Task statement »
Please restate the material below word for word, from the first line through the one that contains "ScotlandRossCromarty", inclusive.

Records »
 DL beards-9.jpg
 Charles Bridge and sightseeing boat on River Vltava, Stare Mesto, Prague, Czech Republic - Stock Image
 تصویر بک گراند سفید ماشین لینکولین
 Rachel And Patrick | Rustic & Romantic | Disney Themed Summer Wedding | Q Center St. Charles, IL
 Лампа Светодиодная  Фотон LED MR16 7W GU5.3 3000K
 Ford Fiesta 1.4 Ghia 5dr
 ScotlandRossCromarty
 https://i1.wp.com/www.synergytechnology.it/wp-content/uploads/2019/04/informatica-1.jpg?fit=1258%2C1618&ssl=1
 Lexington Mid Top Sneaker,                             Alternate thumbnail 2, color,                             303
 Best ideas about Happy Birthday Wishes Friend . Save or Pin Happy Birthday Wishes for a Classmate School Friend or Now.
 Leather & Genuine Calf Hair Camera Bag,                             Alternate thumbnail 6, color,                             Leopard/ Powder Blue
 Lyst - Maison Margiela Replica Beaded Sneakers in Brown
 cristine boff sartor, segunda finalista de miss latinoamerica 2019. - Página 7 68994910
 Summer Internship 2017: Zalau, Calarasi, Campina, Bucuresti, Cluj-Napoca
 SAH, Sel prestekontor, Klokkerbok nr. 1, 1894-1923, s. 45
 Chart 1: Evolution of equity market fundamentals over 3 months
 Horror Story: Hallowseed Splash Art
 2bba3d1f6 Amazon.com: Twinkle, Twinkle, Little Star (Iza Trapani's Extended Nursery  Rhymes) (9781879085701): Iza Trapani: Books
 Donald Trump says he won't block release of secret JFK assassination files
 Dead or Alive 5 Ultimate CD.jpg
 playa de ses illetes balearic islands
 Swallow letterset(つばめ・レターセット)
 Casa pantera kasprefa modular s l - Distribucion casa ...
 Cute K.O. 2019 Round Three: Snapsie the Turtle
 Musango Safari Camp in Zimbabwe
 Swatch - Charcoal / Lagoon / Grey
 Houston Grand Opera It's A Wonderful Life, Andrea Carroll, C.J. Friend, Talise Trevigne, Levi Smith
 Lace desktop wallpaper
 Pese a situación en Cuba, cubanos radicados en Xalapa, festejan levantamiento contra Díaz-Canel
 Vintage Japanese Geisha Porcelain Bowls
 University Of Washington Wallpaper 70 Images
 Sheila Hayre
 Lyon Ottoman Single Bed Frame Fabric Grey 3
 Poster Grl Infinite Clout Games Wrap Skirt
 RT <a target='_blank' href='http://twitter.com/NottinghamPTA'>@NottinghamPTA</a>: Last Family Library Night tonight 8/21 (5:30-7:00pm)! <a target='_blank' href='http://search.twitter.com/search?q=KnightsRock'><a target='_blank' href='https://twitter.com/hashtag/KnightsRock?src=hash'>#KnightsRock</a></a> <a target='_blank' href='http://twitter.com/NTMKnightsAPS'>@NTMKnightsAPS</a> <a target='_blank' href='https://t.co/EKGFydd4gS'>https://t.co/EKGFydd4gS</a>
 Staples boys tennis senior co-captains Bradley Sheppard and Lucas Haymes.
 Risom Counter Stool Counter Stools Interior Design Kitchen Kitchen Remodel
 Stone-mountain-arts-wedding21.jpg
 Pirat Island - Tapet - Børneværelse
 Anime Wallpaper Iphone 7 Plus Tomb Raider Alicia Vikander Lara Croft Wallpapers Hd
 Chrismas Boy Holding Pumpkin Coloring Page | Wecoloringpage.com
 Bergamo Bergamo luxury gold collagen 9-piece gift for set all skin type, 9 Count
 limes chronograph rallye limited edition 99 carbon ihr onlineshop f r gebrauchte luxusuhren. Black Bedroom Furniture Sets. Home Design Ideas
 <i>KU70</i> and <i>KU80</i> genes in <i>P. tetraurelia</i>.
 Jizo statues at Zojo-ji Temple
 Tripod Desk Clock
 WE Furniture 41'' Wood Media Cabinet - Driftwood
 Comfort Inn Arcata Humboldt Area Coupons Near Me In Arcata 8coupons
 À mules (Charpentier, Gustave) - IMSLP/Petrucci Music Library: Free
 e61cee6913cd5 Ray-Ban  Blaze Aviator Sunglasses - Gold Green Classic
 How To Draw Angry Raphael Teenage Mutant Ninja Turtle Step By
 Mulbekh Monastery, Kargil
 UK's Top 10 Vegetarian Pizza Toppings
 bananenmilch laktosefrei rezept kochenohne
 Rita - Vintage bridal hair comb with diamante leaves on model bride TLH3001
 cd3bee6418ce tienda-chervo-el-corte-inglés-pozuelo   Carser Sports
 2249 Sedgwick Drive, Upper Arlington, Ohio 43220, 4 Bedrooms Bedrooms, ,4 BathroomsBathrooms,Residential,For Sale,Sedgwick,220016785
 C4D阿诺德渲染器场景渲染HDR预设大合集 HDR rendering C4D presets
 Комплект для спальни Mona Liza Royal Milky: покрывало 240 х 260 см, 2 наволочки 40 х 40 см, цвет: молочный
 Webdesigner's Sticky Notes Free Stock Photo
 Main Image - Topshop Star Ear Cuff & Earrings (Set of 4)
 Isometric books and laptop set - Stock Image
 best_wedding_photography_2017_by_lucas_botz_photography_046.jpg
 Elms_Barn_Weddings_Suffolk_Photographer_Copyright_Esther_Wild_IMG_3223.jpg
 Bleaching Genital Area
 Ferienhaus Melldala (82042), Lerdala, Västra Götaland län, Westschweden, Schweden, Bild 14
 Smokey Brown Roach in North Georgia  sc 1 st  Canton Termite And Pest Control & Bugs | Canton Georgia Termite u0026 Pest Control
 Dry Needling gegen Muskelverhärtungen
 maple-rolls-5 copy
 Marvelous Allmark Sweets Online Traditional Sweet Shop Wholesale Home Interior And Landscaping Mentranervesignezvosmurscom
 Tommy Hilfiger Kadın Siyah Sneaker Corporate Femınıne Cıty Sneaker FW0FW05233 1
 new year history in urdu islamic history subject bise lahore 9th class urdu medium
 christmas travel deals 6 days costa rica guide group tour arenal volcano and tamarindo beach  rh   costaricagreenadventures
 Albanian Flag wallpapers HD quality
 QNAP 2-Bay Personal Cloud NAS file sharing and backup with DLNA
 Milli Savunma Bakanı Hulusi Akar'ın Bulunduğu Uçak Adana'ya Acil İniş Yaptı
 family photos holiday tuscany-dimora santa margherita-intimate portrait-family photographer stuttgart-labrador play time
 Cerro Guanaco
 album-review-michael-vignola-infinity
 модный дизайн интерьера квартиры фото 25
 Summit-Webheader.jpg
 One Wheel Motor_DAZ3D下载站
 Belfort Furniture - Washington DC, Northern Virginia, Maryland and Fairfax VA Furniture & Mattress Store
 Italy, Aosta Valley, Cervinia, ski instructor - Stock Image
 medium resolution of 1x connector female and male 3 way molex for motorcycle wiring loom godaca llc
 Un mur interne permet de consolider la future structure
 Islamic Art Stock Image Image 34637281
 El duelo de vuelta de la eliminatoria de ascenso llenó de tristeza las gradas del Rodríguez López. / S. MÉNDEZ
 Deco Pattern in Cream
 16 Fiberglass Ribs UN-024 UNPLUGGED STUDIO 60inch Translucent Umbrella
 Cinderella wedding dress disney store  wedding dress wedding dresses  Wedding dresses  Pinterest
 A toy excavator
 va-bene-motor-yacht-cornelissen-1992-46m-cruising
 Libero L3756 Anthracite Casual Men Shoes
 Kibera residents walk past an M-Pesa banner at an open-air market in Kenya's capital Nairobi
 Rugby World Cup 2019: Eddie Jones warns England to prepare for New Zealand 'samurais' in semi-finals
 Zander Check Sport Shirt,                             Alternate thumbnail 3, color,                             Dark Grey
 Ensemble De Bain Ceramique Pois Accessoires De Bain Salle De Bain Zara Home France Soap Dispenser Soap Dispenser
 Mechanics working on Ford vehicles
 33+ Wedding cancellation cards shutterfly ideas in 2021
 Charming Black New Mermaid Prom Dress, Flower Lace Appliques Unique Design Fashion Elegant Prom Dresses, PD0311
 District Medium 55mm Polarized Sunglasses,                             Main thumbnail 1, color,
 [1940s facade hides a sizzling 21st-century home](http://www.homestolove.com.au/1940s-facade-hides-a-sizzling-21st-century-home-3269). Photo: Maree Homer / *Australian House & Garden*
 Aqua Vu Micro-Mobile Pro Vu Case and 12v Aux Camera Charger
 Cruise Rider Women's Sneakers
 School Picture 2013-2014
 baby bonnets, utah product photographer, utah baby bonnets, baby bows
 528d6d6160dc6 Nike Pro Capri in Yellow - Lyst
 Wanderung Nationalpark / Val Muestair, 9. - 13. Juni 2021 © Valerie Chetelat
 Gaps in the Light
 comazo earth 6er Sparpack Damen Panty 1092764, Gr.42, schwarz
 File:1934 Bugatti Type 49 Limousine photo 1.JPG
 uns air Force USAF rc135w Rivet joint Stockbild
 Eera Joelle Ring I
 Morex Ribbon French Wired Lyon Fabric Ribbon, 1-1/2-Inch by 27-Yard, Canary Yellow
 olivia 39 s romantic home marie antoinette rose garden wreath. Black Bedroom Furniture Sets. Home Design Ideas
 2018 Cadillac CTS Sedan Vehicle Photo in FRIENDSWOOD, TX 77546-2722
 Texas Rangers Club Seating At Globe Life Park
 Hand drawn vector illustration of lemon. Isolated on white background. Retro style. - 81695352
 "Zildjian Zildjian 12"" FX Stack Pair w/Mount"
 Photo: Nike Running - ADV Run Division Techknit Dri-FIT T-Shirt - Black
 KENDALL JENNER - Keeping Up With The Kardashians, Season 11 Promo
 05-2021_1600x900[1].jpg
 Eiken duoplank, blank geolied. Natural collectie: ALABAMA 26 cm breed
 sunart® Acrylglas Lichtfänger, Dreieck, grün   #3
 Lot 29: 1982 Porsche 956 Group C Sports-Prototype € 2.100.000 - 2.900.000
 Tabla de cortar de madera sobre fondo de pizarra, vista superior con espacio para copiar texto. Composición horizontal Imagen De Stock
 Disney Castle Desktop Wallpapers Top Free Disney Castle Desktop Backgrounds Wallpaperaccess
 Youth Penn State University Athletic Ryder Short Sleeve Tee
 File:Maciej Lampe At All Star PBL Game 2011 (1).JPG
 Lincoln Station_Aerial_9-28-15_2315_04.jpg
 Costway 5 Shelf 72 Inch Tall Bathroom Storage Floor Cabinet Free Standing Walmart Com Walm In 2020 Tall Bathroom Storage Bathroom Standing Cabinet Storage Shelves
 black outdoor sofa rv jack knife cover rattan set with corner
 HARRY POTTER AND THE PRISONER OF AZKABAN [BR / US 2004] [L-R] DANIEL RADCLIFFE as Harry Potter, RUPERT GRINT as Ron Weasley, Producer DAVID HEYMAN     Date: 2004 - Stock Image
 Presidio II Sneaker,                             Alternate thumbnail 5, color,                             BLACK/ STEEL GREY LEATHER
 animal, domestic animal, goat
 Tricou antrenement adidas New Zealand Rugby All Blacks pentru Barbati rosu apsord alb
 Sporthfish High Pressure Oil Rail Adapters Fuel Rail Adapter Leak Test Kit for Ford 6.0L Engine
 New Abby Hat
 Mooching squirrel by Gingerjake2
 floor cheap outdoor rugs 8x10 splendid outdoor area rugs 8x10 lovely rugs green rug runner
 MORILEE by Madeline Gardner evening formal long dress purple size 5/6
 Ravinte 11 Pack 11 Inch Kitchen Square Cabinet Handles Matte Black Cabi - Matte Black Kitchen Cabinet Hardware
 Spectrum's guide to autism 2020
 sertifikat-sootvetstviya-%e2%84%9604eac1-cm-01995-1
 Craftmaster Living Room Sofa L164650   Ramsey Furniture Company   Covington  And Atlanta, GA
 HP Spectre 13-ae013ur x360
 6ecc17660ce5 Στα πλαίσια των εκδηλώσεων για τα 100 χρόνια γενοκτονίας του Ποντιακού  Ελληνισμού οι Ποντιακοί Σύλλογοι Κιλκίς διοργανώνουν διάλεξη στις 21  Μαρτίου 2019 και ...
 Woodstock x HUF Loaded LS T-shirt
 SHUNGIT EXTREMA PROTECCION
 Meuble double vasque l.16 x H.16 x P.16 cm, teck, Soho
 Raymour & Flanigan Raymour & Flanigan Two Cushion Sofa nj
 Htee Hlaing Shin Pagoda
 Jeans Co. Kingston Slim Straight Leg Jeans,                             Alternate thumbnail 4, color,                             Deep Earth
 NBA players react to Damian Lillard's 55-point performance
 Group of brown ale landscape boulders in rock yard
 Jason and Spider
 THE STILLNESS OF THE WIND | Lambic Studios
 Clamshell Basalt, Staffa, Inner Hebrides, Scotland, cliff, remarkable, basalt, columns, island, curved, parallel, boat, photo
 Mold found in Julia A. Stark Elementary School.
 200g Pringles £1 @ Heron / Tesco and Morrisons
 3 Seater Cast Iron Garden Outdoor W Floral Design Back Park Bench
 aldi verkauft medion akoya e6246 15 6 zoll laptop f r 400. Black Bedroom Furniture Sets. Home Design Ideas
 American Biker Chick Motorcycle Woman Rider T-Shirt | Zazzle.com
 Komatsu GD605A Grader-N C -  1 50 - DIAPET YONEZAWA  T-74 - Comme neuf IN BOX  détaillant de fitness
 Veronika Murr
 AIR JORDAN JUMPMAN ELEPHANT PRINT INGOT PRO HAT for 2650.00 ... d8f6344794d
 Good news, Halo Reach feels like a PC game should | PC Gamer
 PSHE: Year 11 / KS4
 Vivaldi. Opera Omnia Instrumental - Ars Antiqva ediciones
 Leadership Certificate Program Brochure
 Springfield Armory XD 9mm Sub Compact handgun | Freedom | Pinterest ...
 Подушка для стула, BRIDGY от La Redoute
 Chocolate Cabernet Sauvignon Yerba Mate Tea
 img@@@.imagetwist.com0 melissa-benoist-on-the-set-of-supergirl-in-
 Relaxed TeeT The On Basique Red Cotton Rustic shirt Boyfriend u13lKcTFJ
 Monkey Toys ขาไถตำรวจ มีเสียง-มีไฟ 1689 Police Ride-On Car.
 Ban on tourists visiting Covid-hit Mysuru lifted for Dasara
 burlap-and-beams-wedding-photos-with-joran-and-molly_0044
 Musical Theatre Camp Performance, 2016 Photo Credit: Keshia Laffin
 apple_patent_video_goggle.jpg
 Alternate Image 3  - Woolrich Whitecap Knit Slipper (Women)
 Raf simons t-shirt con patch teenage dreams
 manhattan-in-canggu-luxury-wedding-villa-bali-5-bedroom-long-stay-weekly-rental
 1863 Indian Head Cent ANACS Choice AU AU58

Your solution »
 DL beards-9.jpg
 Charles Bridge and sightseeing boat on River Vltava, Stare Mesto, Prague, Czech Republic - Stock Image
 تصویر بک گراند سفید ماشین لینکولین
 Rachel And Patrick | Rustic & Romantic | Disney Themed Summer Wedding | Q Center St. Charles, IL
 Лампа Светодиодная  Фотон LED MR16 7W GU5.3 3000K
 Ford Fiesta 1.4 Ghia 5dr
 ScotlandRossCromarty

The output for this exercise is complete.